The AI app builder workflow — what I actually do every day

Every solo founder is using AI now. Few have written down what their actual workflow looks like. This is mine — the prompts, the order, the parts I won't outsource.

Every solo founder building consumer software is using AI now.

Almost none have written down their actual workflow — the order, the prompts, the model choices, the parts they refuse to outsource. The genre is dominated by “10 prompts for ChatGPT” listicles that read like content marketing for the model providers.

This is what my workflow actually looks like. Not the aspirational version. The version I open my laptop to most days.

The shape of the day

My day has a fixed rhythm: planning in the morning, building in the middle, shipping or writing in the evening. AI sits inside each phase doing different work.
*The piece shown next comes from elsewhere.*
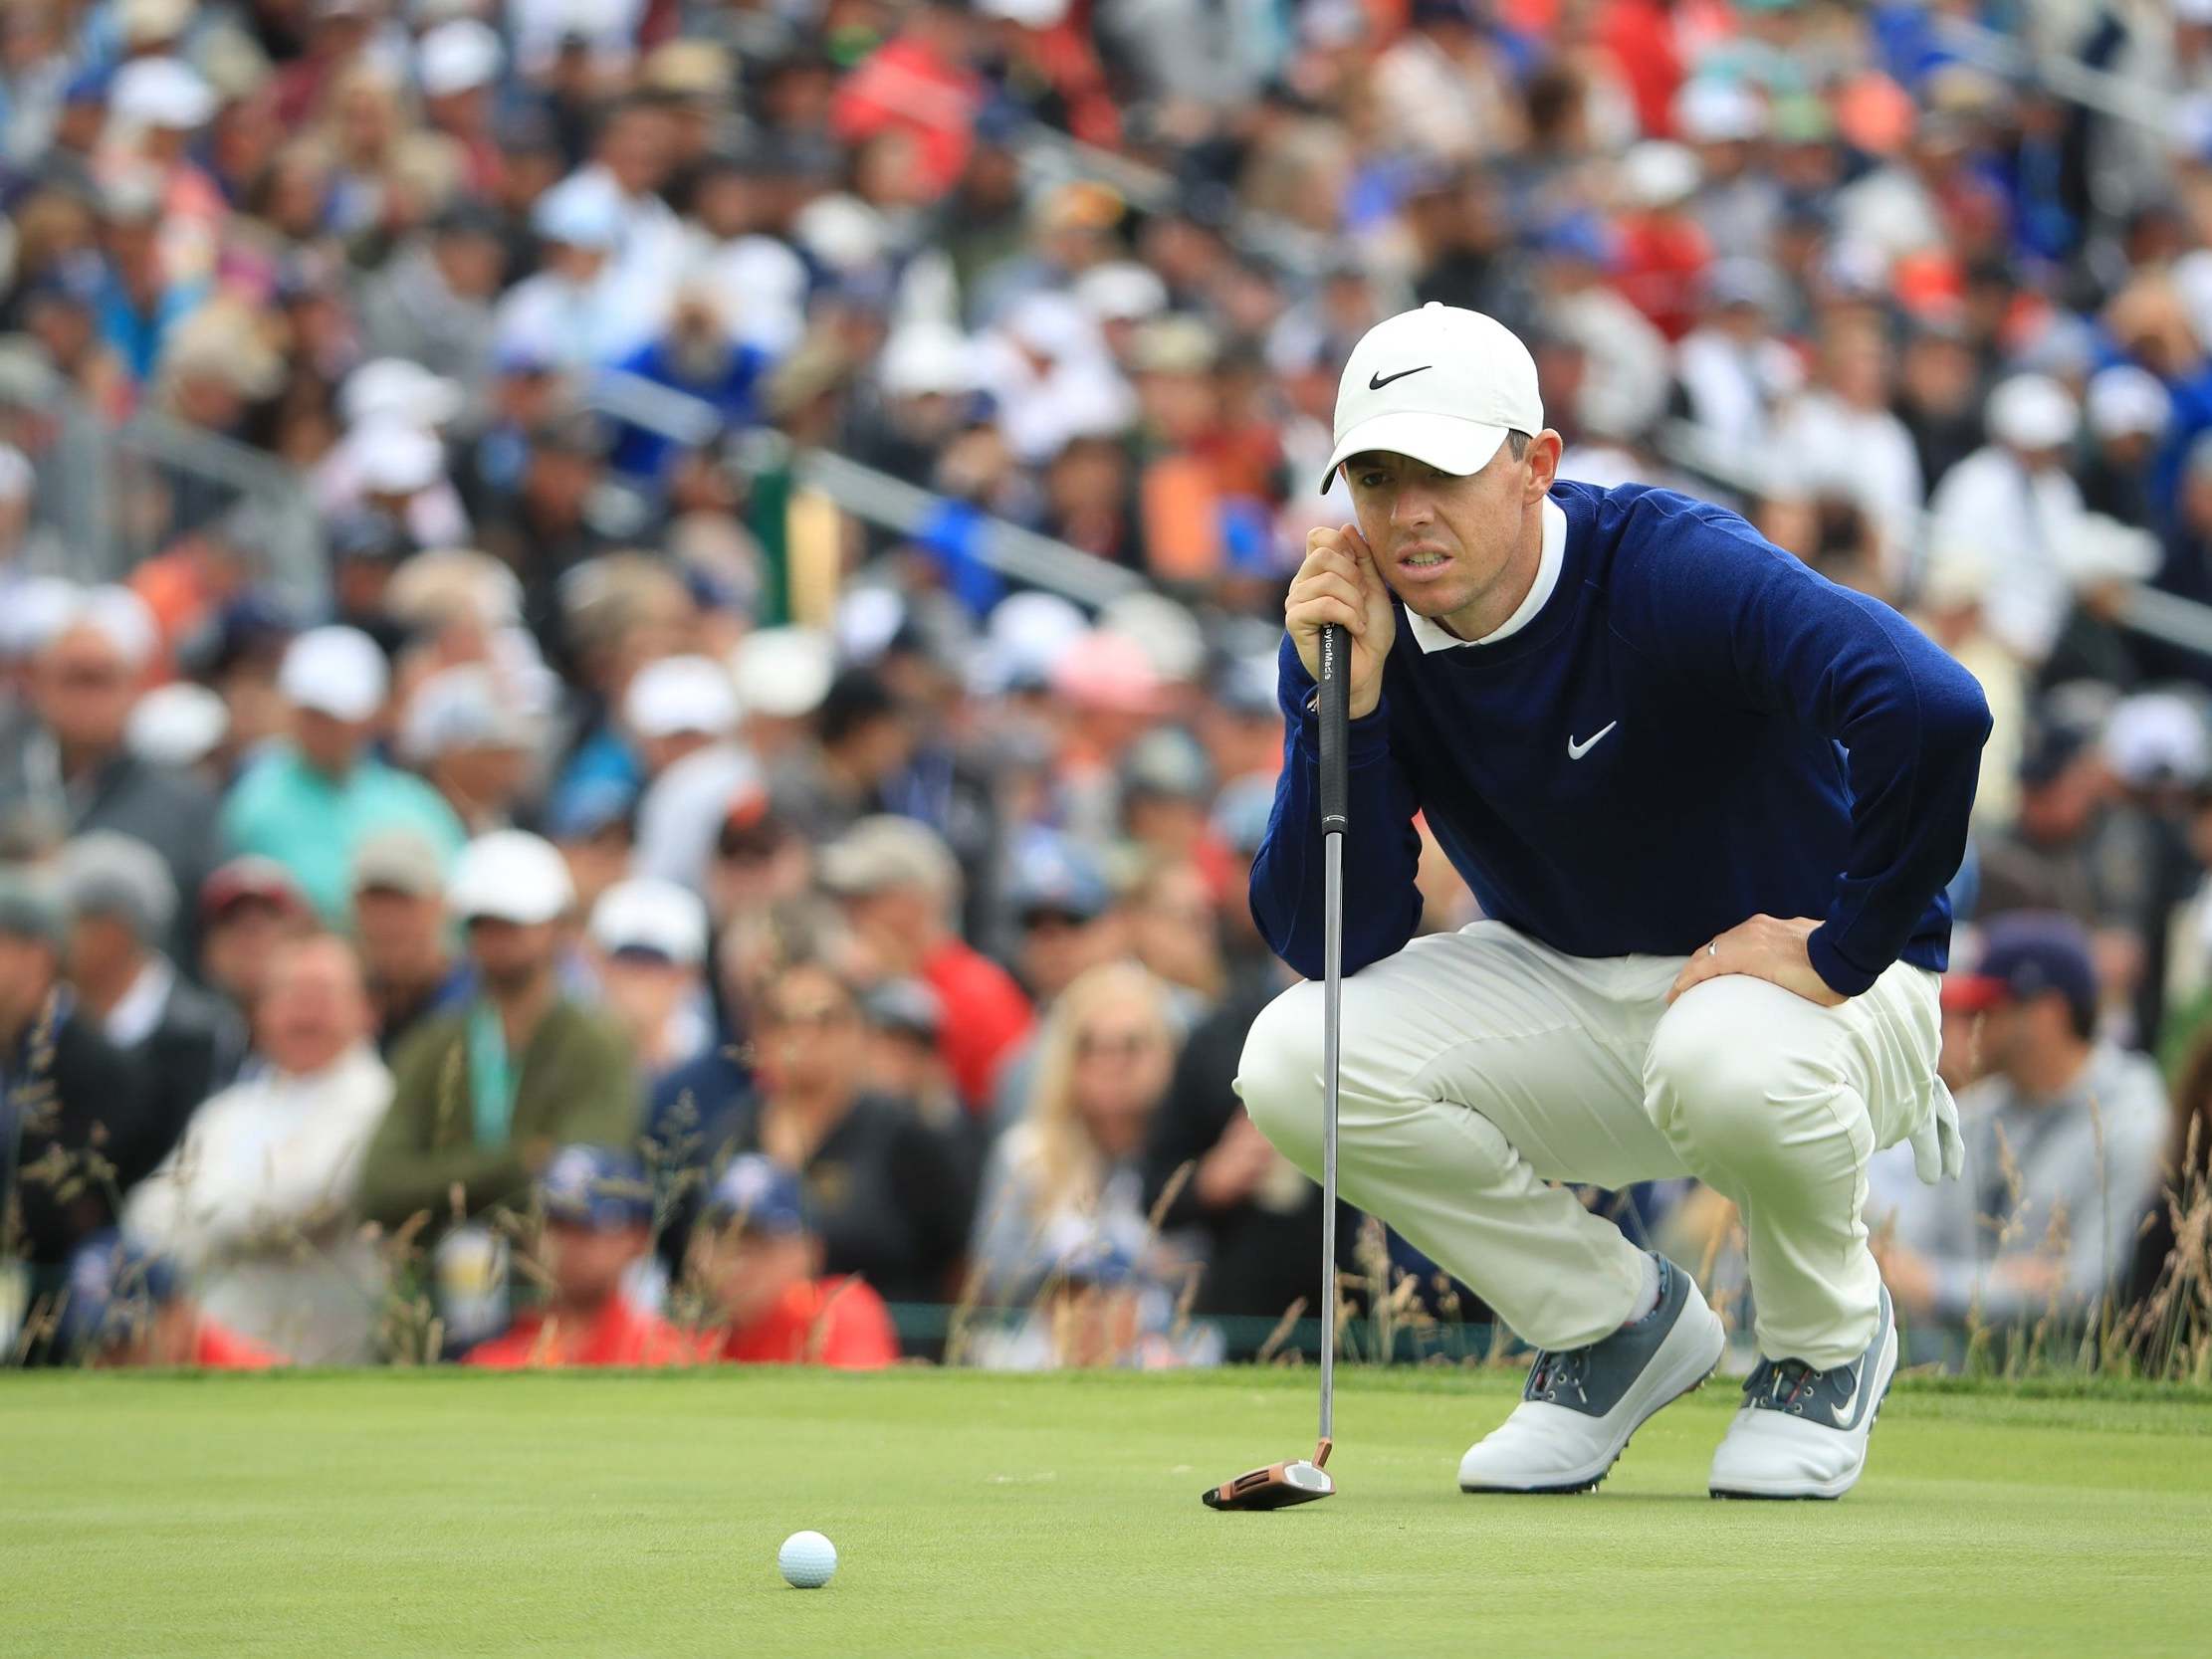 US Open 2019: Rory McIlroy makes fast start in first round at Pebble Beach

PhaseWhat I doWhere AI lives
MorningPlan the day, scope the next featureSpec writing, decision review
Mid-dayBuild, fix, refactorCode generation, code review, debugging
EveningShip, write, polishCopy editing, release notes, social posts

The rhythm isn’t “use AI for everything.” It’s “use AI for specific things, where it earns its keep.”

Phase 1: morning planning

Mornings start with a decision: what’s worth doing today? My default is to ship one user-visible thing every day. Not always a feature — sometimes it’s a copy fix, or a UI polish pass, or a bug nobody noticed. But something the user will encounter when they next open the app.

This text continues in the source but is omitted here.